The availability of disease information including CT scans opens doors for machine learning methods including deep learning techniques. Deep learning models contribute in various ways such as early notification, warnings, social control, preliminary diagnosis, COVID-19 early detection, prediction, and prognosis [5]. However, the enormous amount of data required for these techniques may negatively affect the computing time because it is challenging to manage and process many large data repositories.

Other approaches play a role in diagnosing, analyzing, and detecting coronavirus disease [6]. However, this pandemic has generated a large amount of raw data that is arduous to manage and explore using a single technique. In this situation, big data analytics with artificial intelligence can be integrated to provide a timely and accurate detection of this disease. Big data play a vital role in diagnosing, estimating, or predicting risk rates, health care decision-making and pharmaceuticals, all of which contribute to identifying COVID-19 from symptoms and saving the lives of human beings [7].

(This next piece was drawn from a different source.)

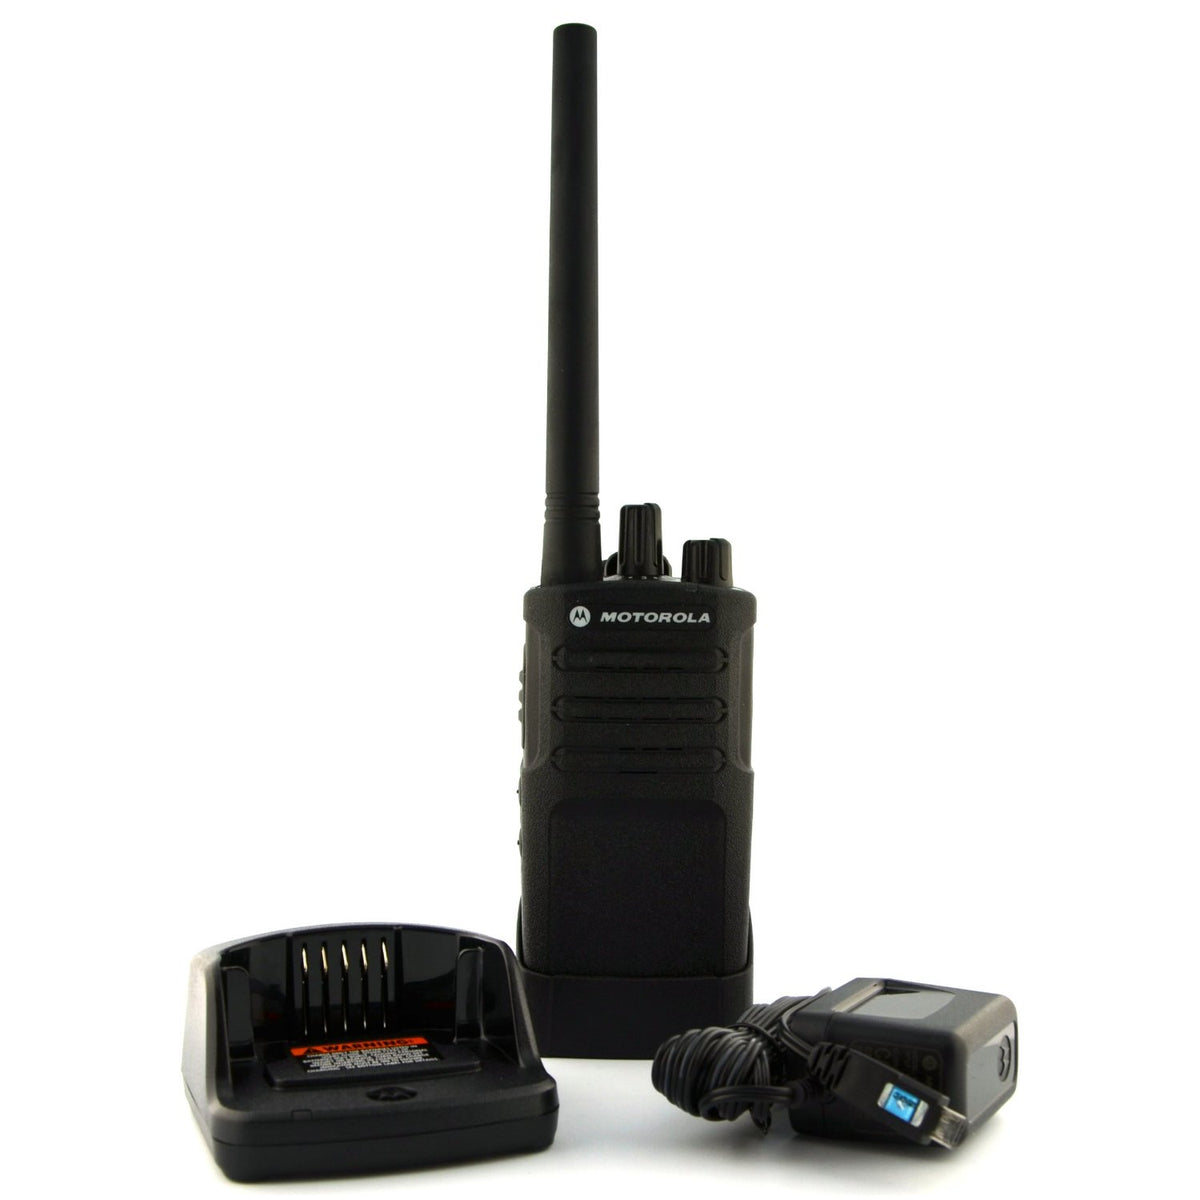 Morotola RMV2080 On-Site 8 Channel VHF Rugged Two-Way Business Radio

Several algorithms have been used for COVID-19 detection, specifically ResNet-50, ResNet-101, ResNet-18, generative adversarial network (GAN), long short-term memory (LSTM), and experiential learning model (ELM) [8,9] using CT scan or X-ray images. These algorithms use an image dataset and analyzes the images for symptoms of the disease. These techniques still lack the performance and also suffer complexity in managing a state-of-the-art dataset that can be used in various experiments to help obtain the best solution.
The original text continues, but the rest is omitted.